The UK’s Medical Research Council (MRC) contribution collapsed by 73.7% from 2005 to 2006, but the UK Department for International Development increased its investment from $2 million in 2005 to $12.6 million in 2006.

Philanthropies, principally the Gates Foundation, substantially boosted their contributions, increasing this sector’s proportion of total investment from 20% to 27.7%.

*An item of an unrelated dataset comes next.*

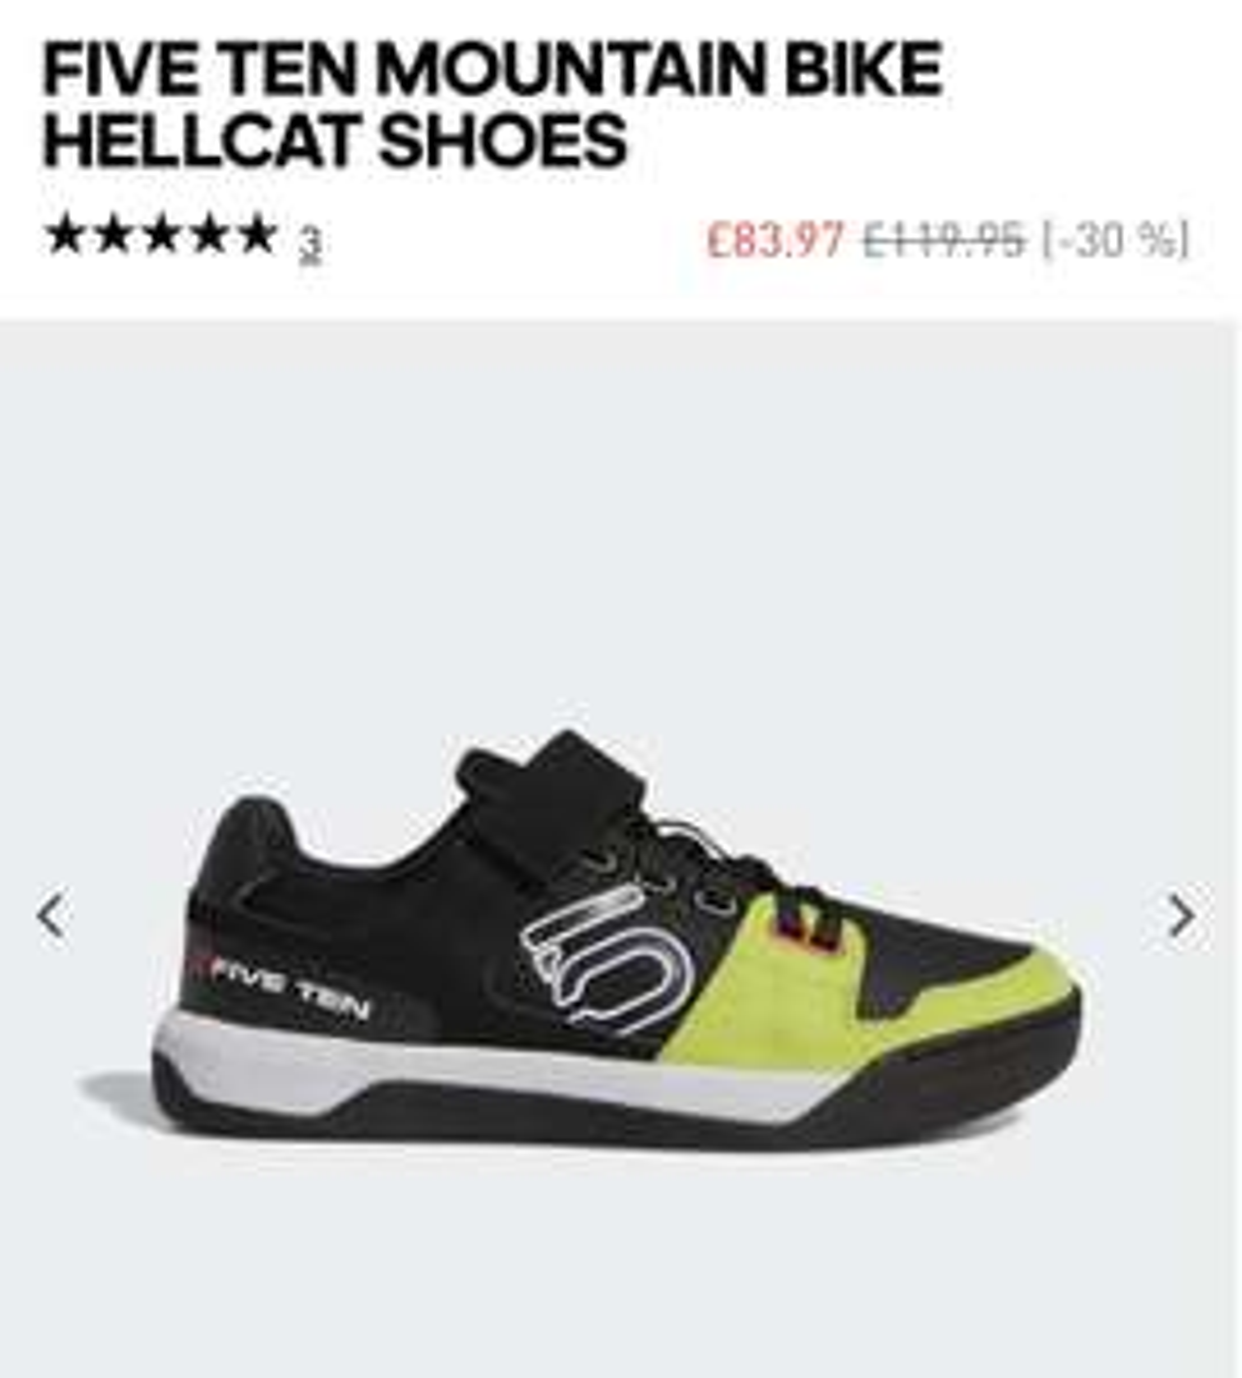 Five ten hellcat SPD mountain bike MTB Shoe £63.98 @ adidas

Reported industry investment grew nearly 2% (from 11% to 12.9%).

Investment in research on diagnostics, drugs, and vaccines increased, while basic science and operational research funding declined.

Measured against the Global Plan’s 2006 targets for new tools research funding, TAG’s report reveals that actual investments fell short by half a billion dollars. The 2006 funding gap for TB diagnostics research was $18 million, for drugs $275 million, and for vaccines $213 million.

TAG recommends that TB R&D investment should increase fivefold, from approximately $400 million per year to $2 billion per year, for basic science, applied research, and operational research in order to meet the ambitious goals set by the Global Plan.

In addition, a comprehensive global TB R&D agenda that includes basic and operational research must be developed, TAG argues. TB research requires better coordination, both globally and nationally.